§ Raw data
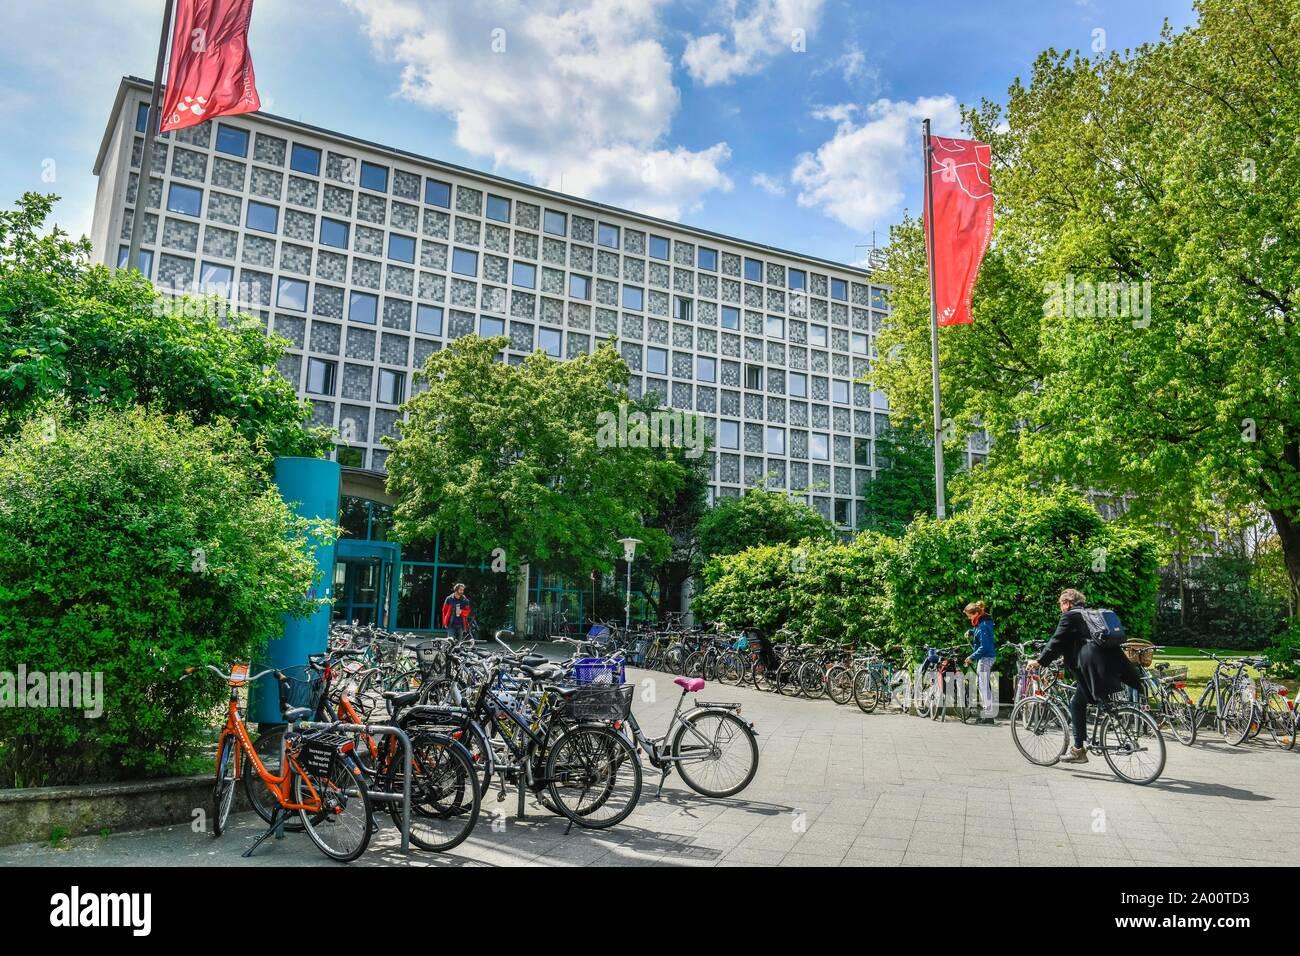 Zentral- und Landesbibliothek, Amerika Gedenkbibliothek, Bluecherplatz, Kreuzberg, Berlin, Deutschland, Bl Stock Photo
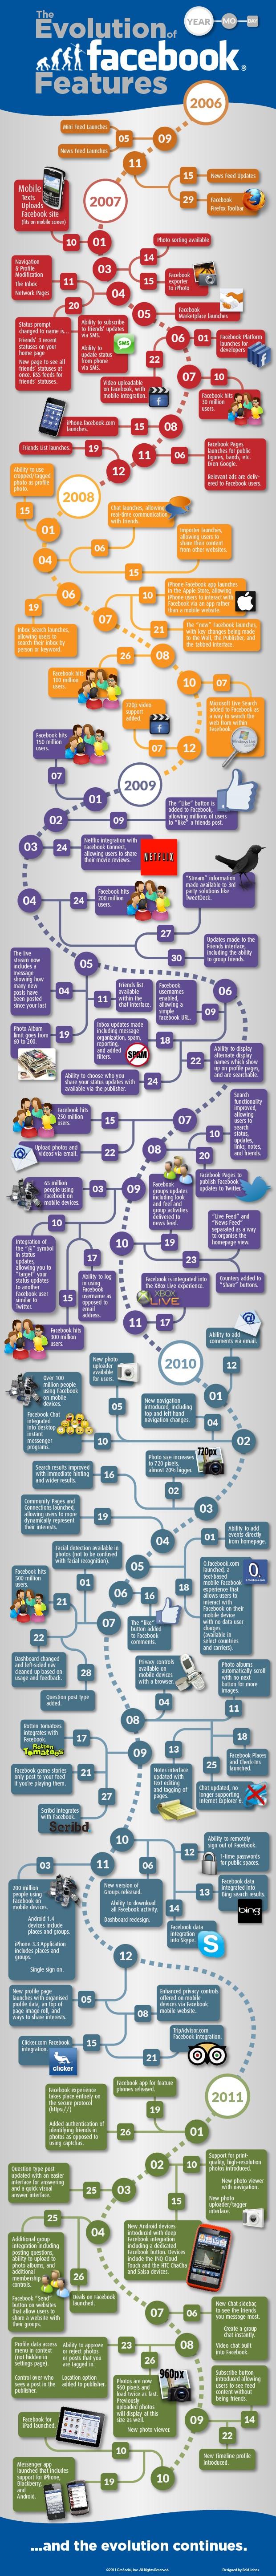 Evolution fonctionnalité Facebook
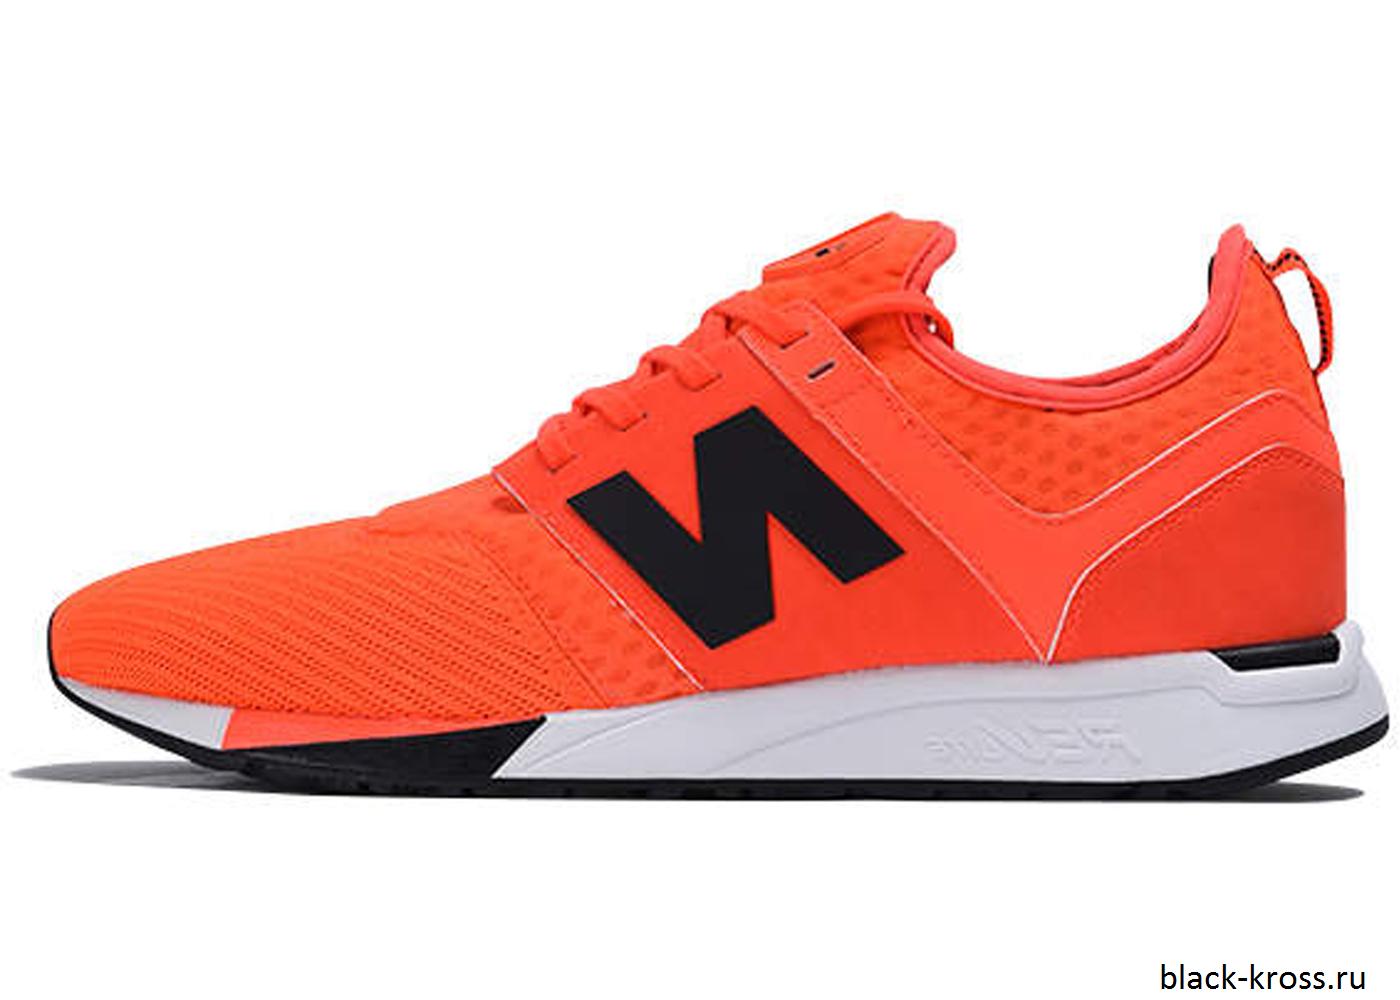 New-Balance-247-Sport-Orange
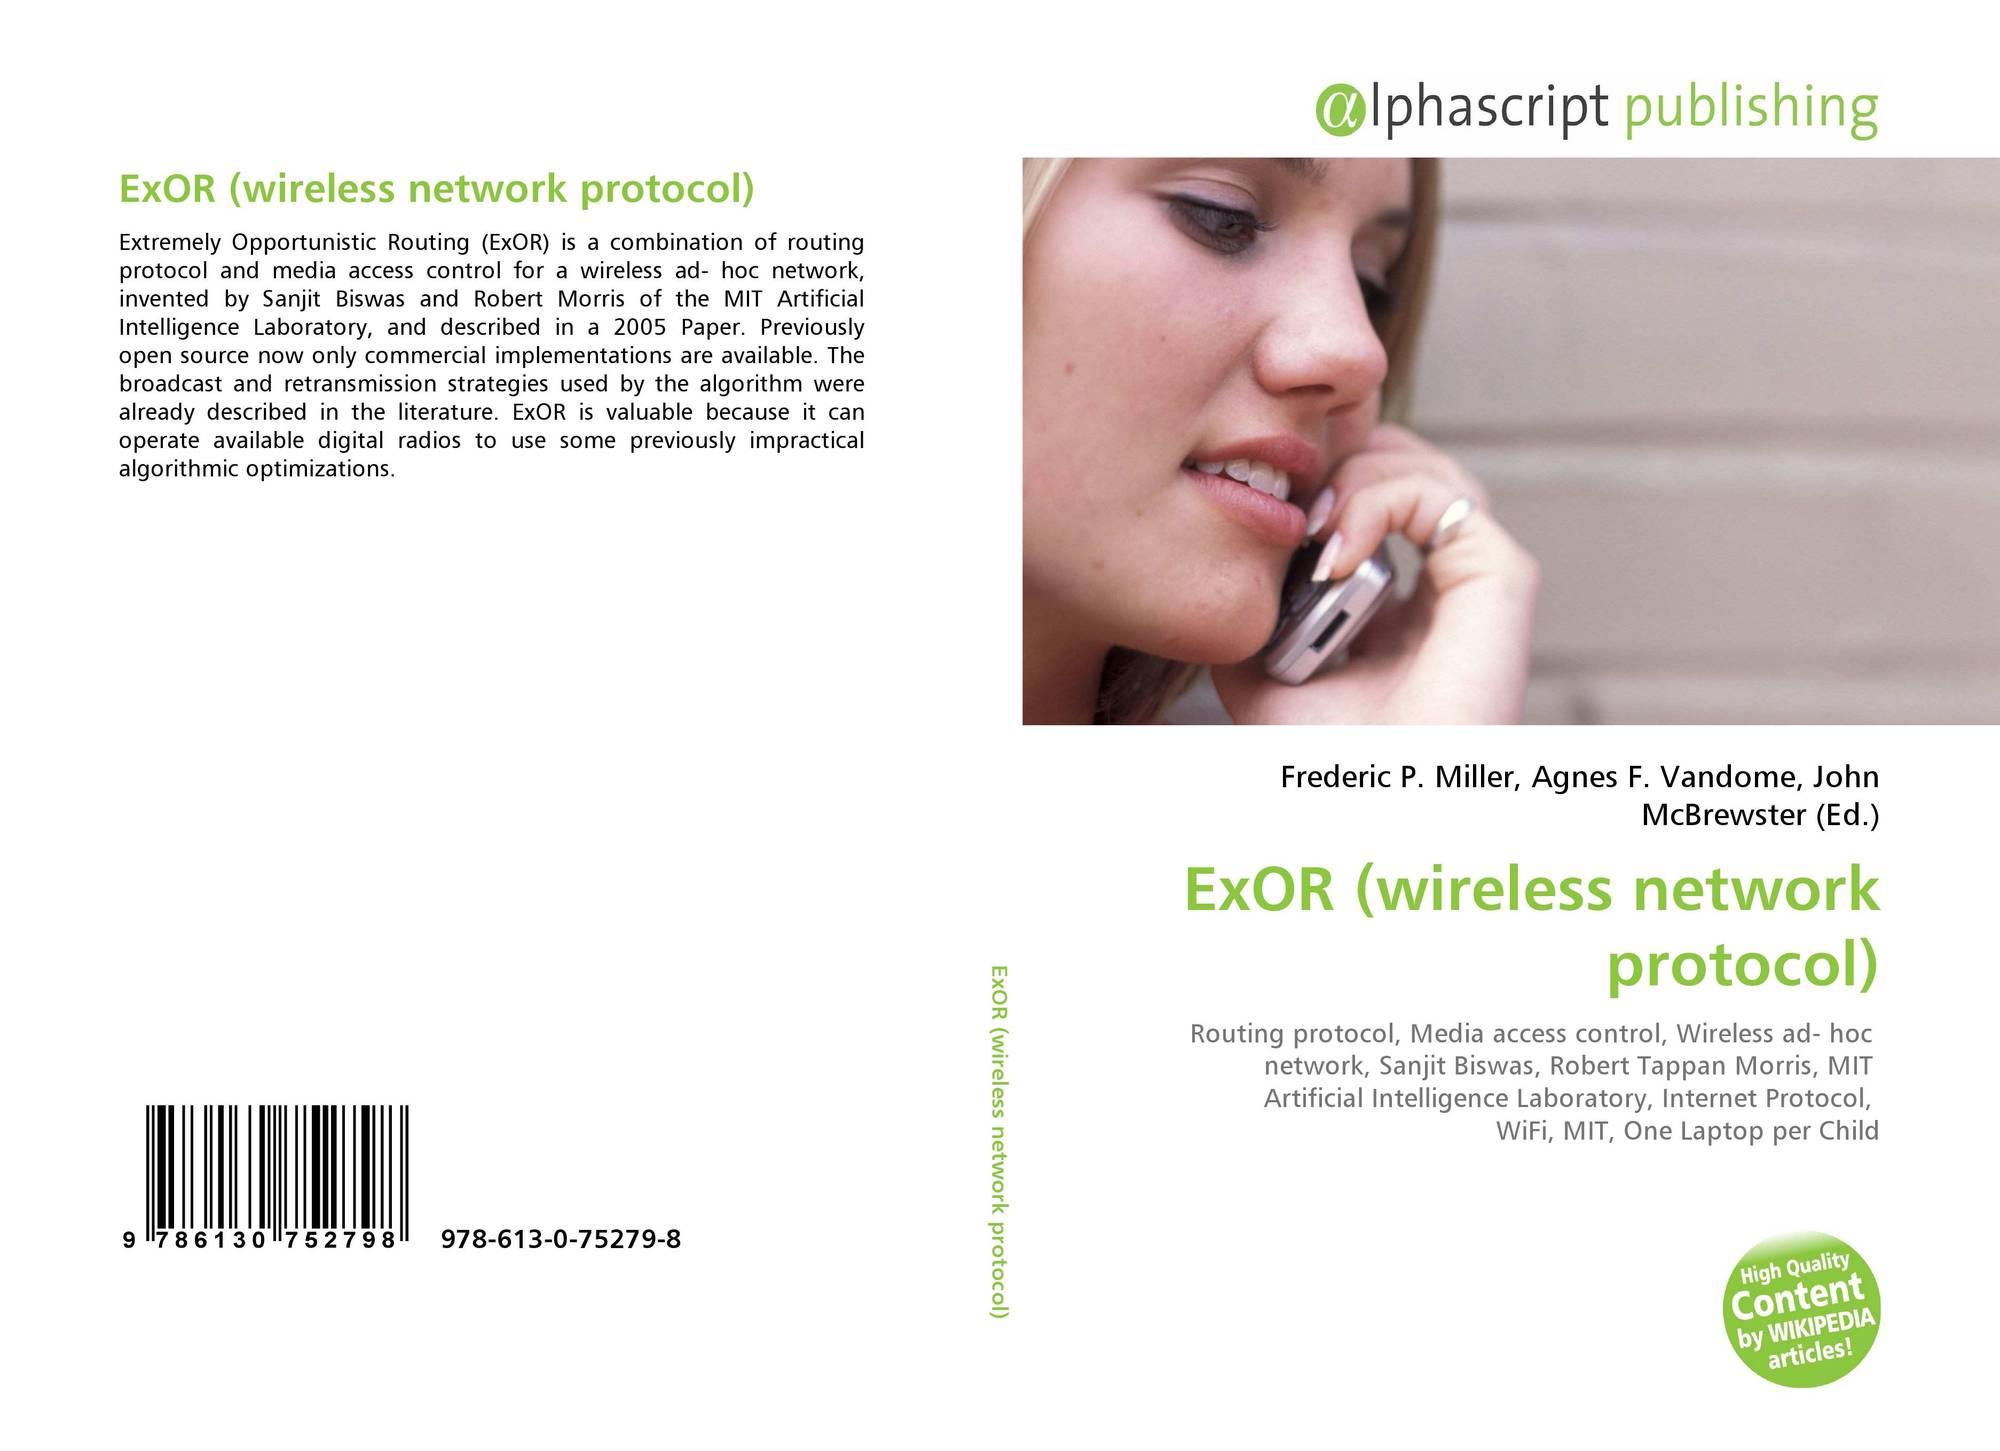 ExOR (wireless network protocol), 978-613-0-75279-8

§ Work required
Would you return all the data exactly as given, minus the pictures?

§ Answer box
 Zentral- und Landesbibliothek, Amerika Gedenkbibliothek, Bluecherplatz, Kreuzberg, Berlin, Deutschland, Bl Stock Photo
 Evolution fonctionnalité Facebook
 New-Balance-247-Sport-Orange
 ExOR (wireless network protocol), 978-613-0-75279-8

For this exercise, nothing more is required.